Sandberg graduated from Frewsburg High School in 2007. He thought about a career operating heavy equipment but eventually found his way to law enforcement. His uncle has worked for the Drug Enforcement Administration and his grandfather previously worked for the Sheriff’s Office.
NO APOLOGIES
On the job, Sandberg appears all business, no-nonsense. He looks ex-military, though he’s not. And his head is without hair, though that’s by choice.
If he witnesses a violation, there’s a high probability he’s issuing a ticket or a summons.
“I try to put myself in their position,” he says of local residents, “sitting on their porches trying to enjoy the peace and quiet.”
That quiet is often shattered, especially during the summertime, by noisy cars and motorcycles.

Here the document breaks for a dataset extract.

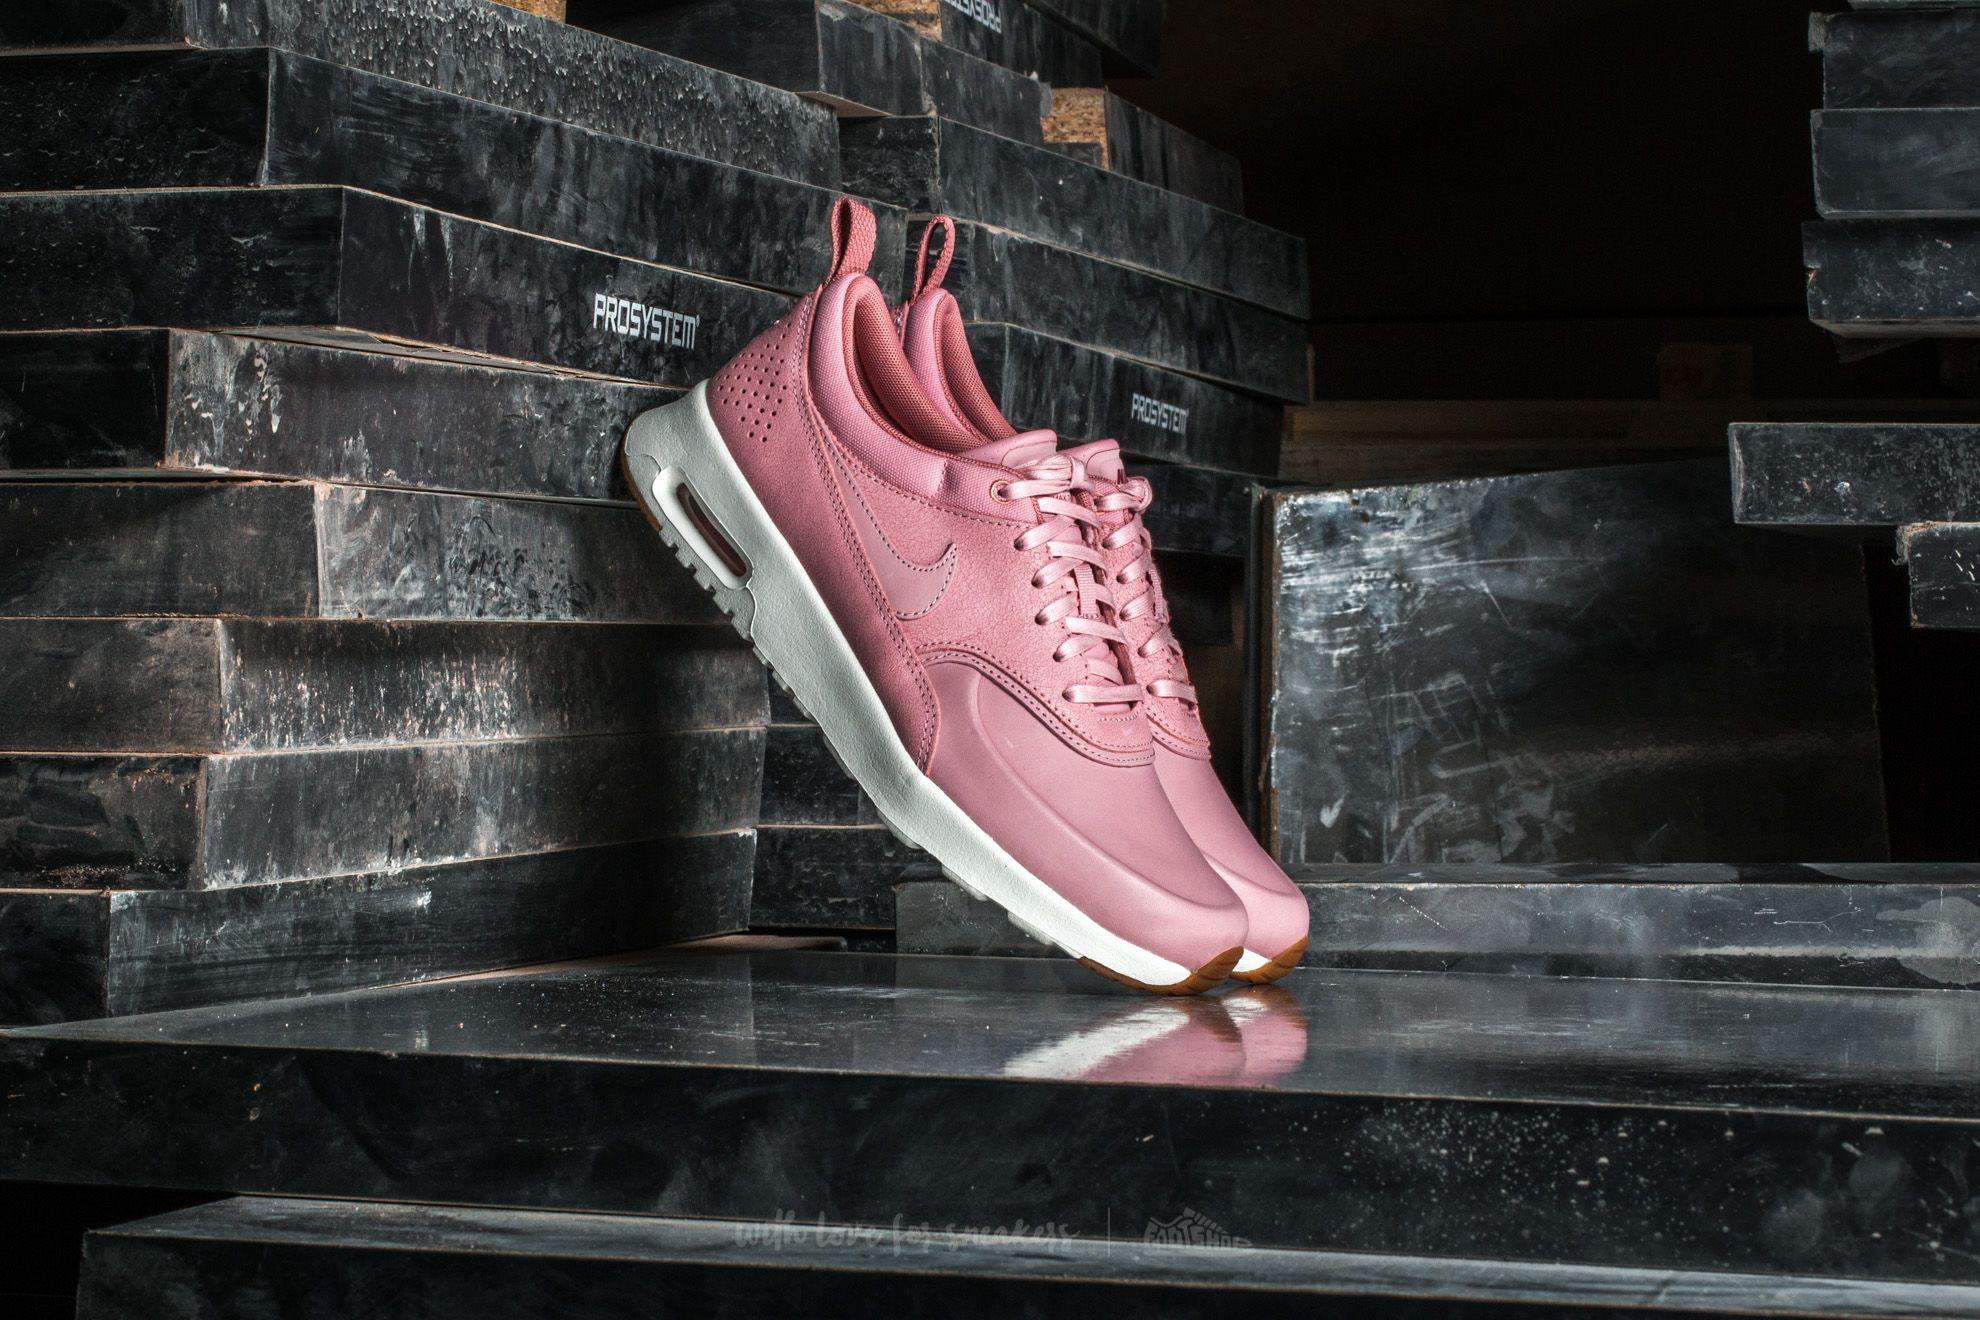 Nike Wmns Air Max Thea Premium Pink Glaze Pink Glaze Sail | Footshop

A bevy of noise-related complaints were central to community input meetings hosted at various parks by the Jamestown Police Department and city Department of Development.

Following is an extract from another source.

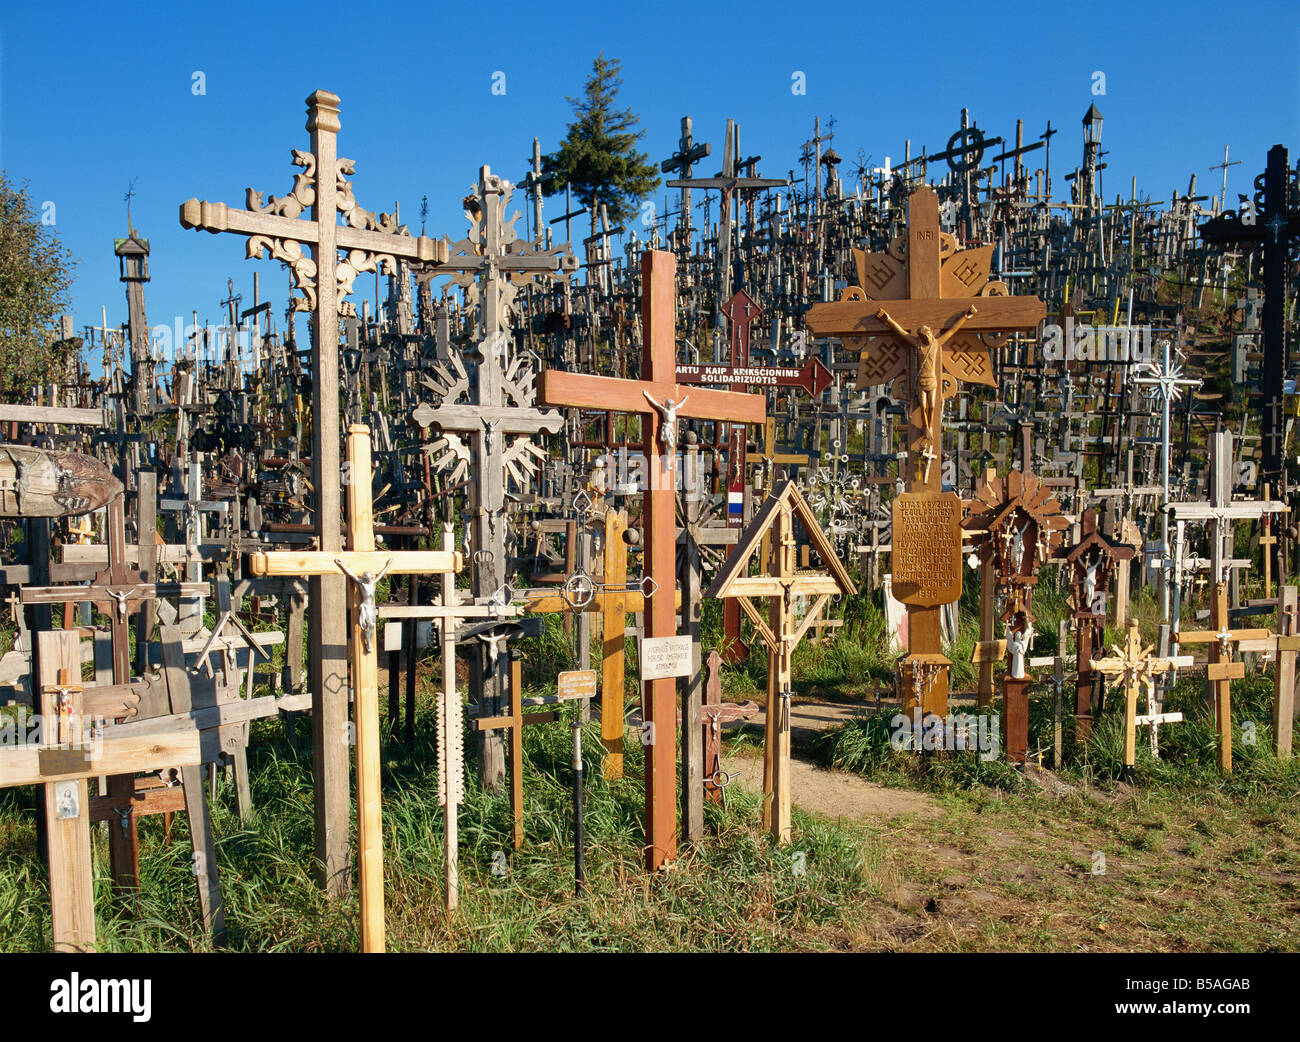 Kryziu Kalnas (Hill of Crosses), in the Siauliai area of Lithuania, Baltic States, Europe Stock Photo

Hoping to replicate the successful implementation of the nuisance officer, the Department of Development is proposing an ordinance that will allow code enforcement officers to issue fines for code violations.

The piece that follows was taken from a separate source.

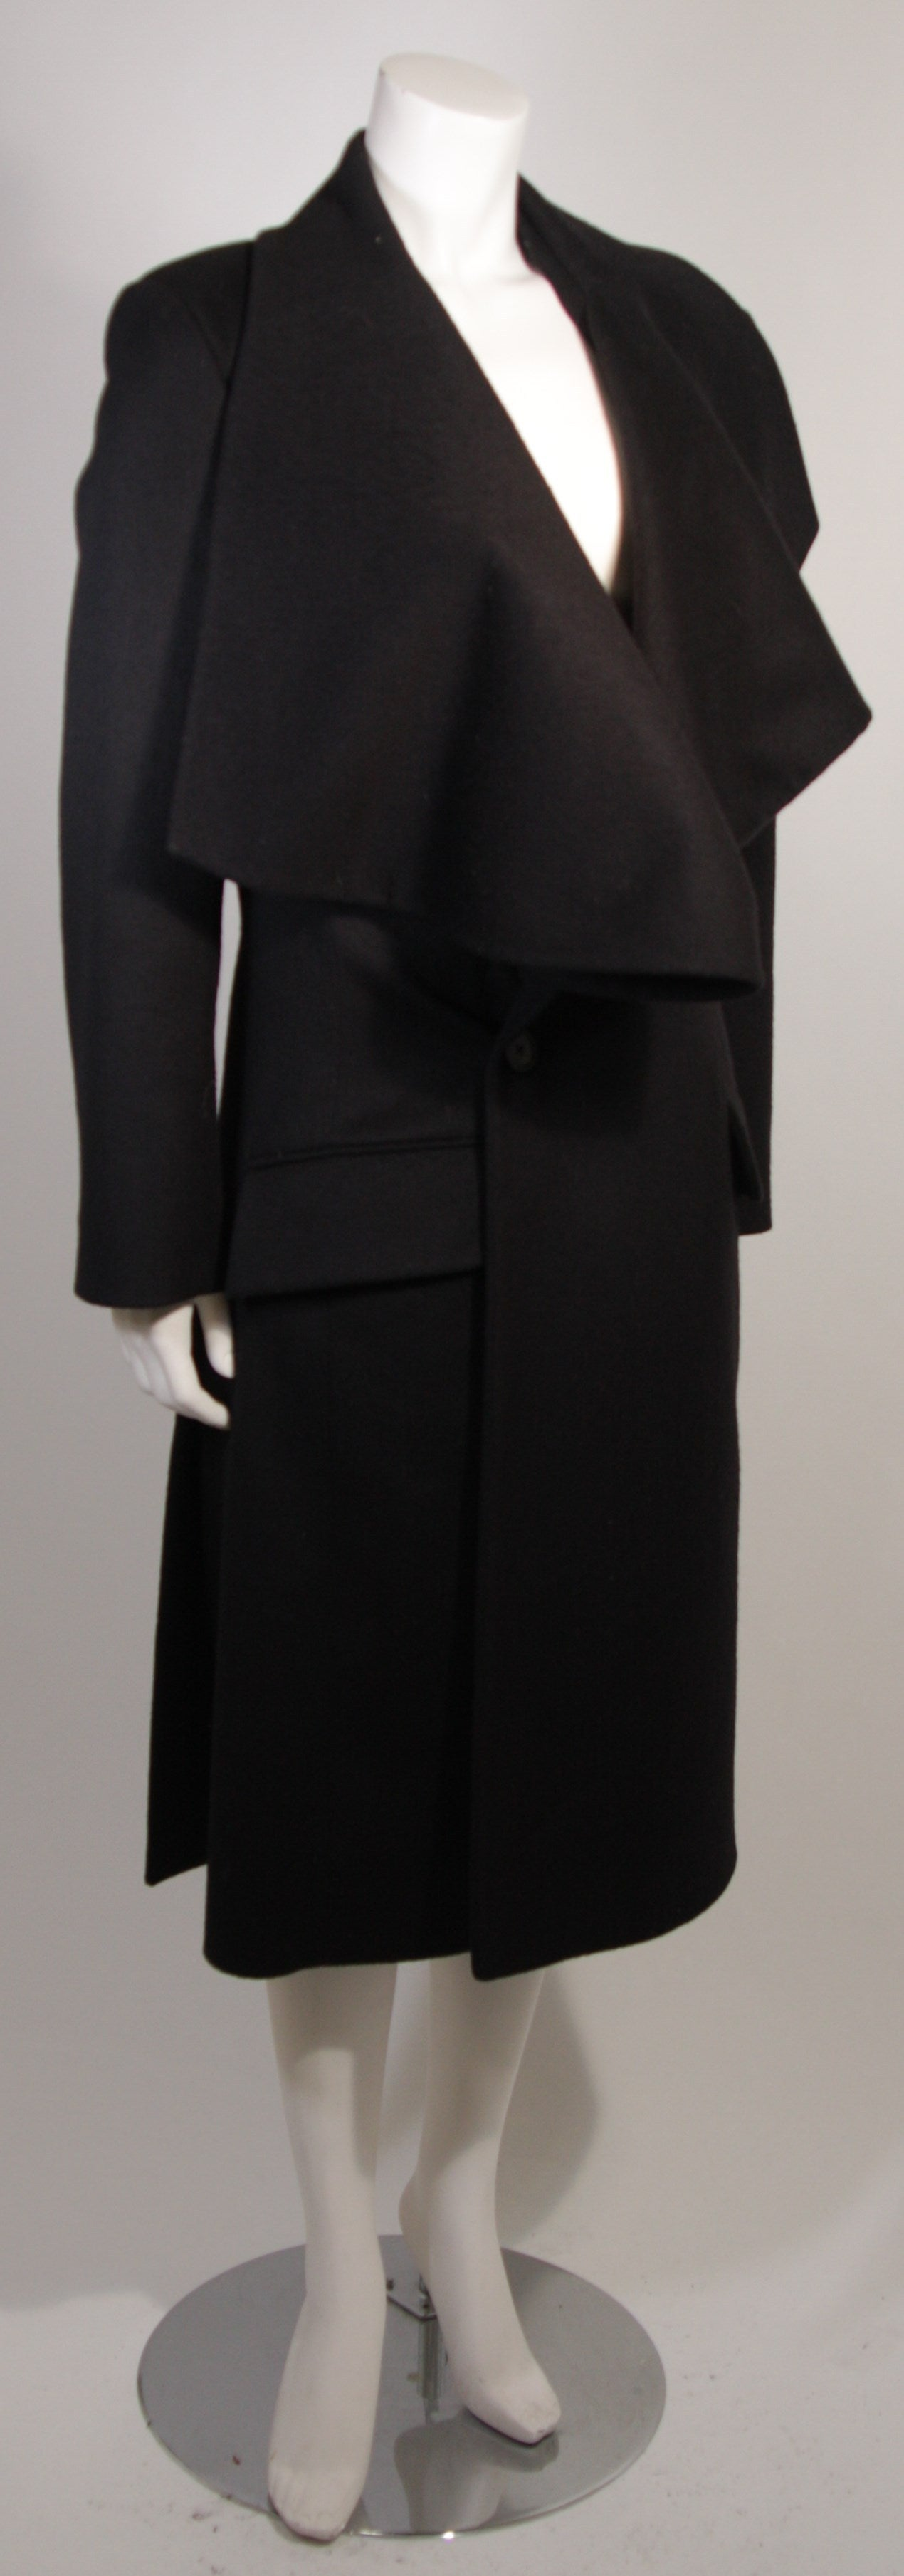 John Galliano Over-Sized Asymmetrical Collar Coat Size 10 42 For Sale 1

“What this will do is allow us somewhere to what we’ve been able to see with the nuisance officer where he can directly ticket for nuisance, quality-of-life-type items,” Crystal Surdyk, city director of development, said during a council Housing Committee meeting last month.
KEEPING THE PEACE
In addition to tracking down needlessly noisy cars, Sandberg also handles disputes between neighbors.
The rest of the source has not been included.